Bigger ships through Panama Canal boost business for US port
Bigger ships arriving through an expanded Panama Canal pushed cargo volumes at Georgia's seaports to record levels in fiscal 2017, the Georgia Ports Authority announced on Monday.
The state agency reported that its ports in Savannah and Brunswick handled 33.4 million tons (30.3 million metric tons) of total imports and exports in the fiscal year that ended June 30. That's the ports' greatest tonnage ever and an increase of 8.3 per cent over the previous year.

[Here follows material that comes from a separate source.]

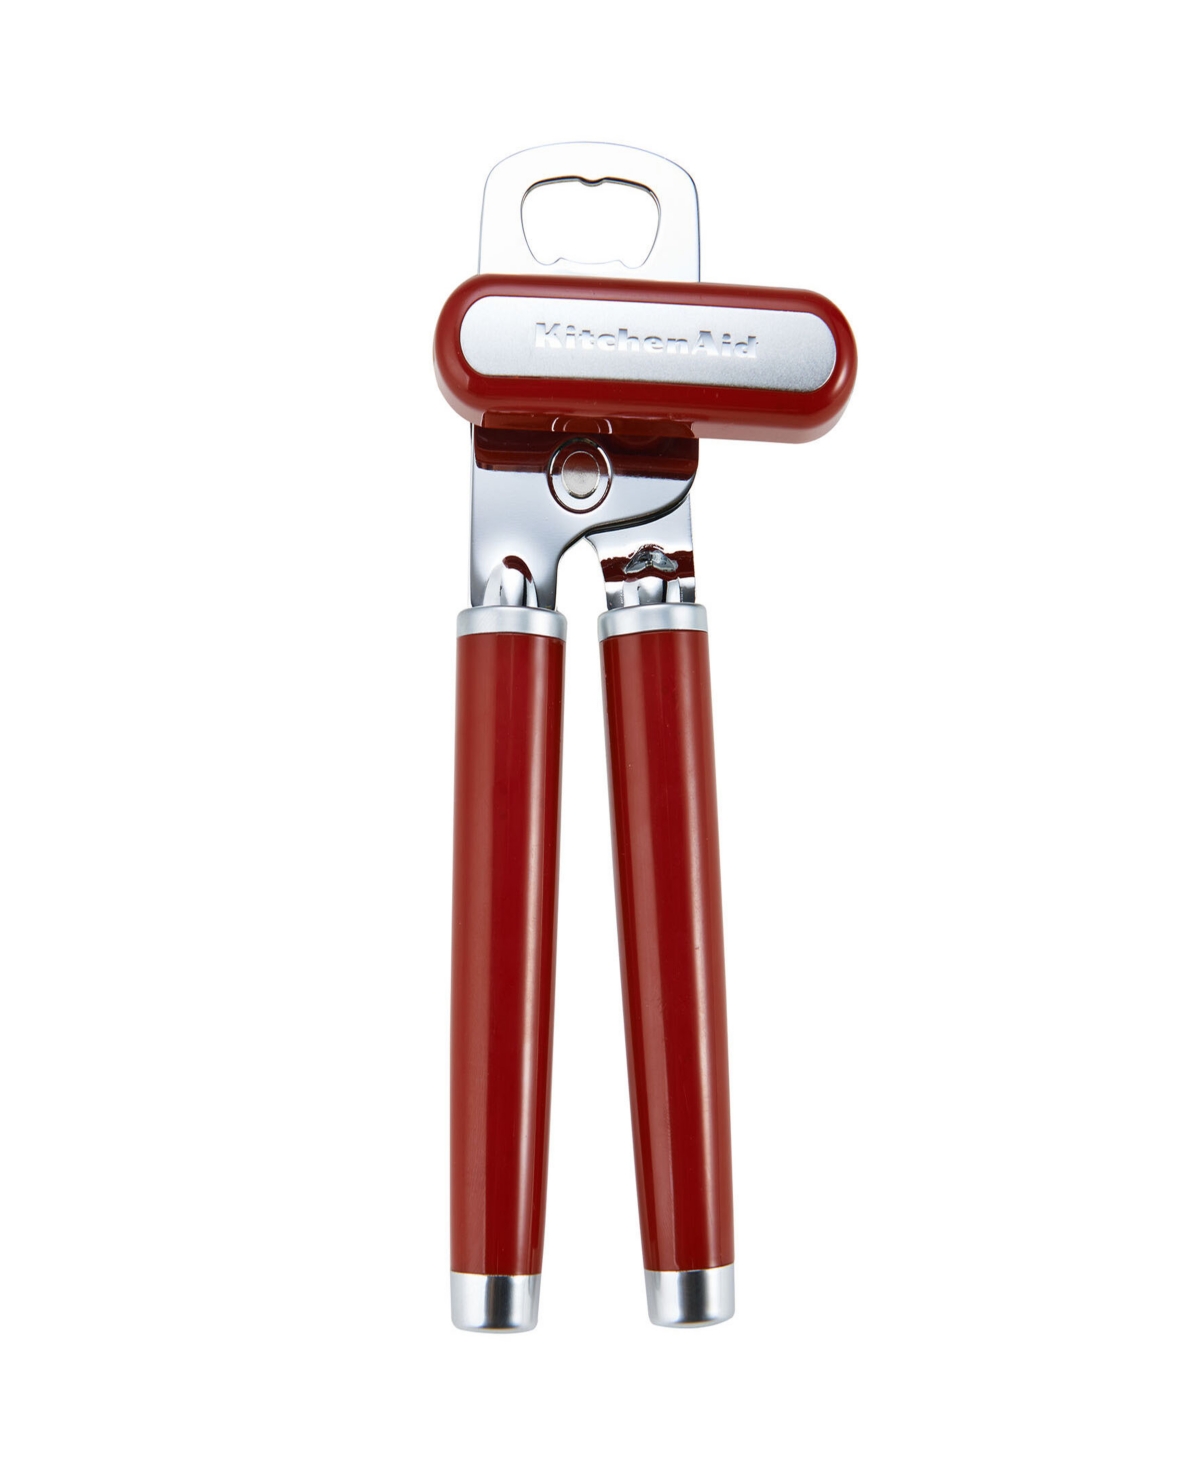 KitchenAid Gourmet Multifunction Can Opener / Bottle Opener, 8.36-Inch, Passion Red

Griff Lynch, the port authority's executive director, said the growth came almost entirely from the Port of Savannah's booming trade in containers - giant metal boxes used to ship retail goods from consumer electronics to frozen chickens. Savannah is the nation's fourth-busiest container port, behind only the ports of New York-New Jersey, Los Angeles and Long Beach, California.

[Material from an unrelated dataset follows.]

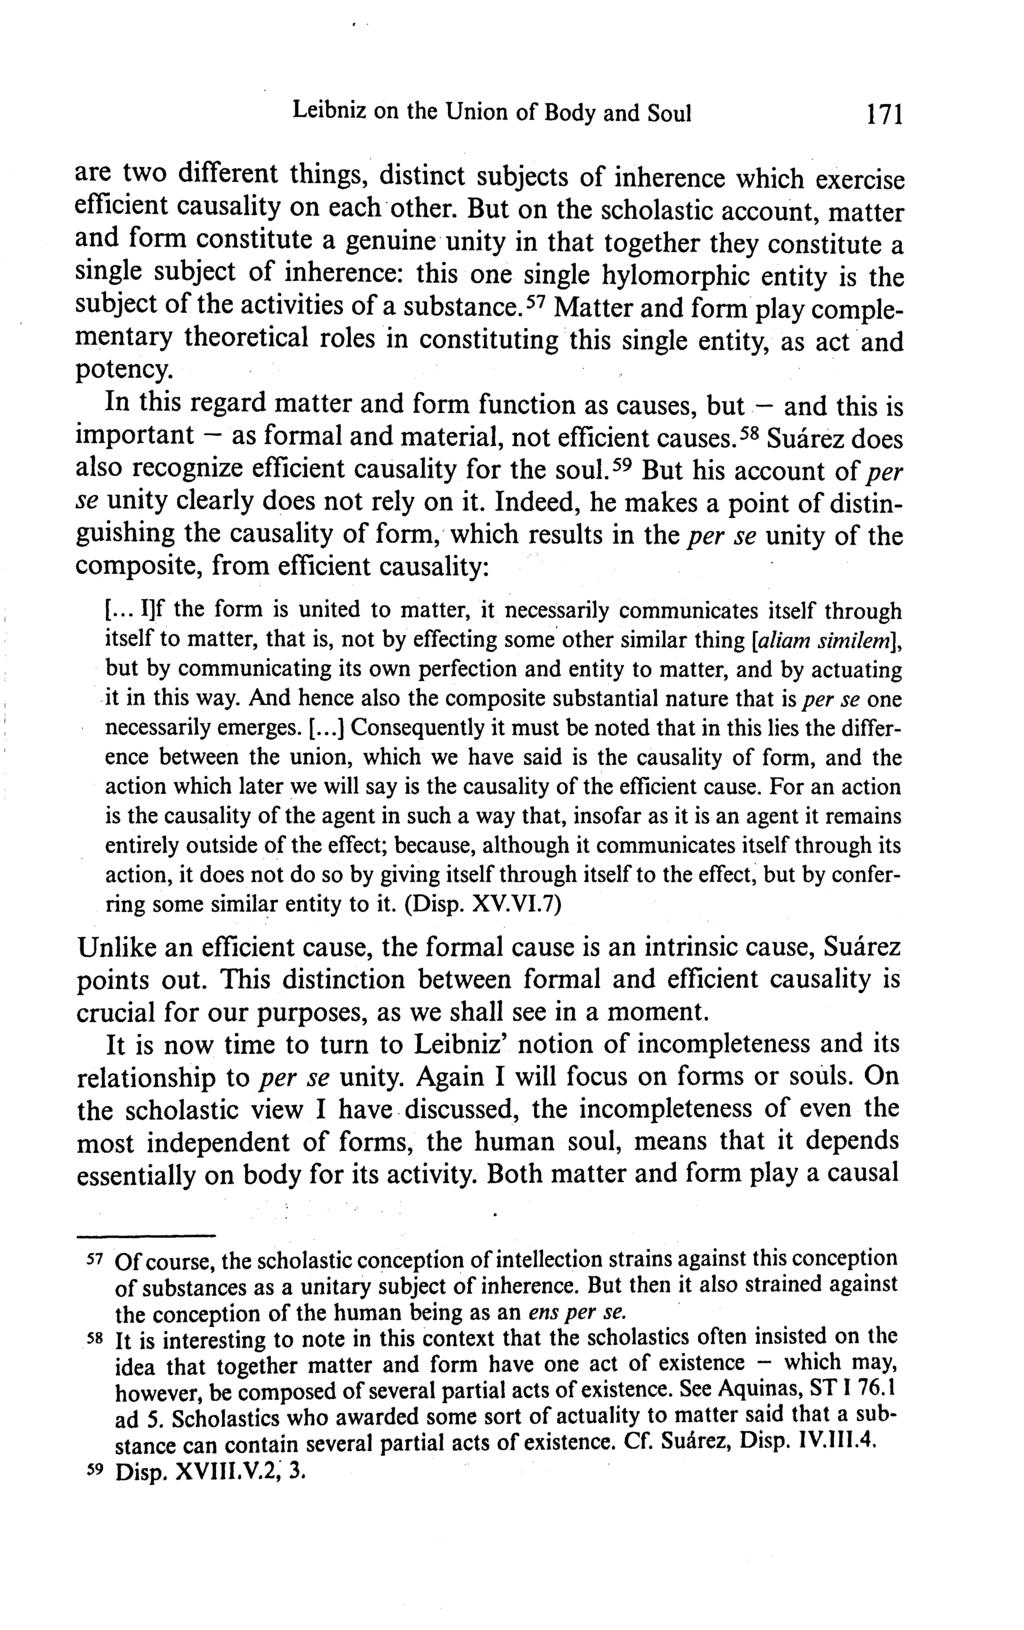 Leibniz on the Union of Body and Soul 171 are two different things, distinct subjects of inherence which exercise efficient causality on each other.

Savannah moved a record 3.85 million container units, up 6.7 per cent from fiscal 2016. It was only three years ago that Savannah reached a milestone three million container units for the first time, and Lynch said it's feasible the port could pass 4 million containers next year.

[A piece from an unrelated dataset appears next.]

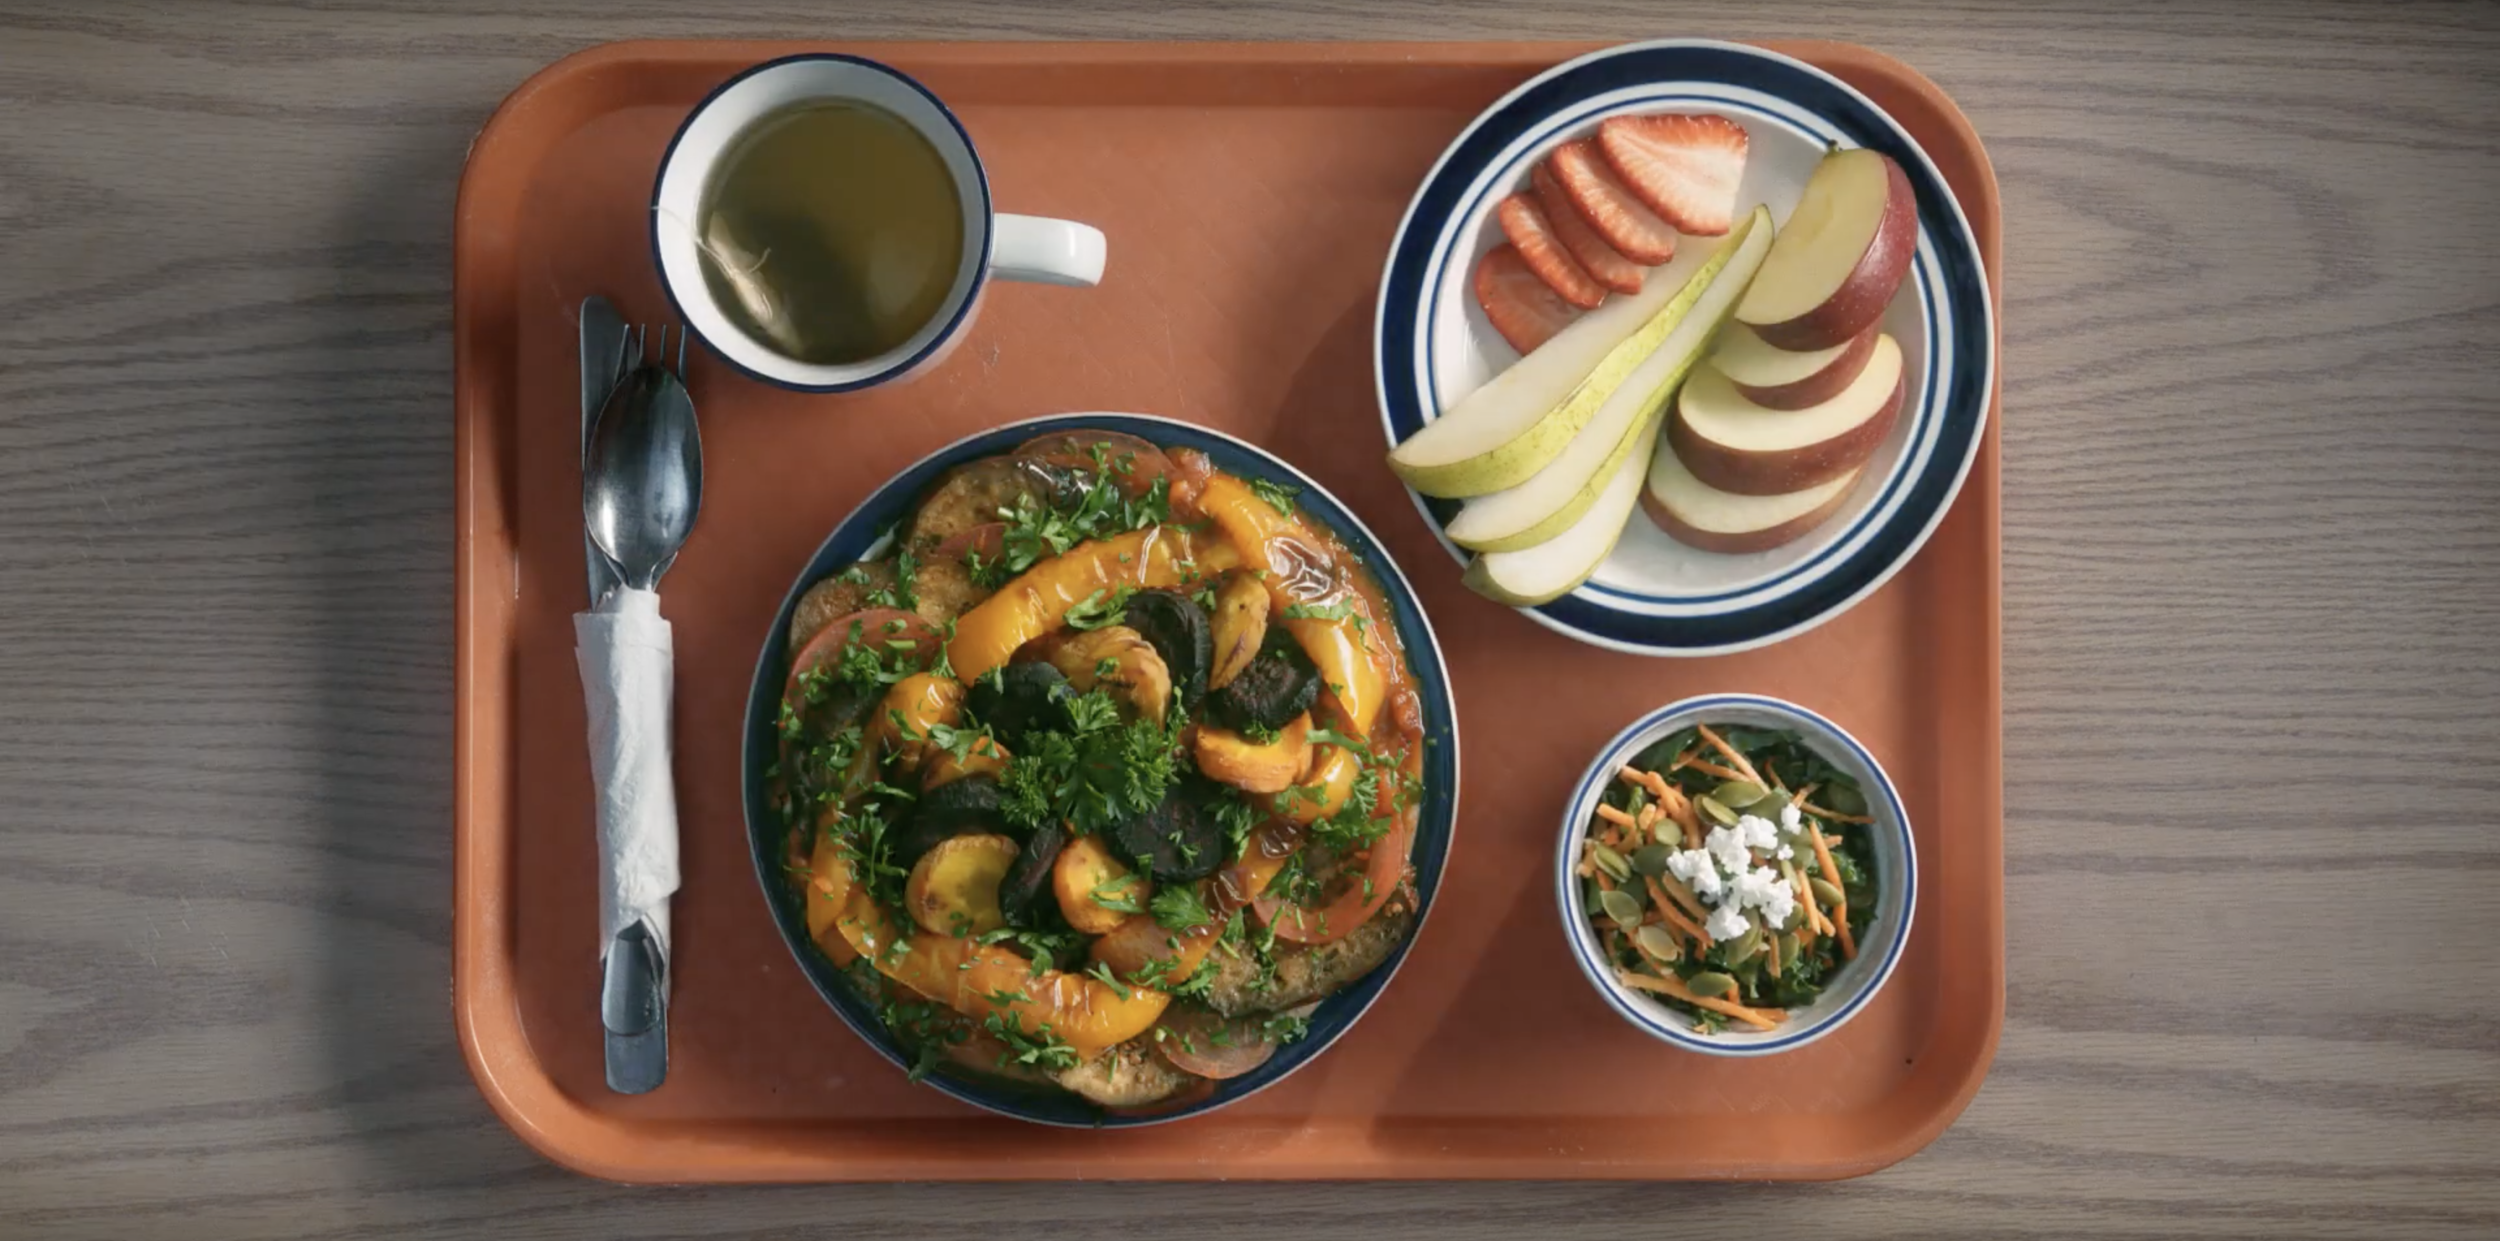 Ode to the Hospital Tray - Nourish The Future of Food in Health Care

The big numbers come after the Panama Canal finished a major expansion last summer, making room for the two largest cargo ships ever to call on the East Coast to make stops in Savannah in May and June.
"The canal has been probably the largest single game-changer we've seen this year," Lynch said.
The record surge in containers at Savannah offset a down year at the Port of Brunswick, Lynch said, where bulk cargo lagged all year and automobile shipments were essentially flat.
The last time Georgia's ports saw a peak year was 2015, when growth was fuelled by labour woes on the West Coast that caused shippers to reroute cargo to Savannah and other East Coast ports. Lynch said the boom at Georgia ports this past year resulted from "organic growth" rather than any one-time occurrence that forced a shift in shipping schedules.
"Hopefully, this is sustainable for the long term," Lynch said.
Port officials are planning ahead. The Georgia Ports Authority board Monday approved nearly US$73 million to buy six more ship-to-shore cranes to arrive at Savannah's docks in 2020. By that time, Lynch said, Savannah will have 36 total cranes - half of which will be tall enough to load and unload supersized ships.
That will enable the Port of Savannah to work on three giant ships simultaneously, he said.
A US$973-million project to deepen the Savannah River shipping channel so that the big ships can travel the waterway fully loaded even at low tides is scheduled for completion in 2022.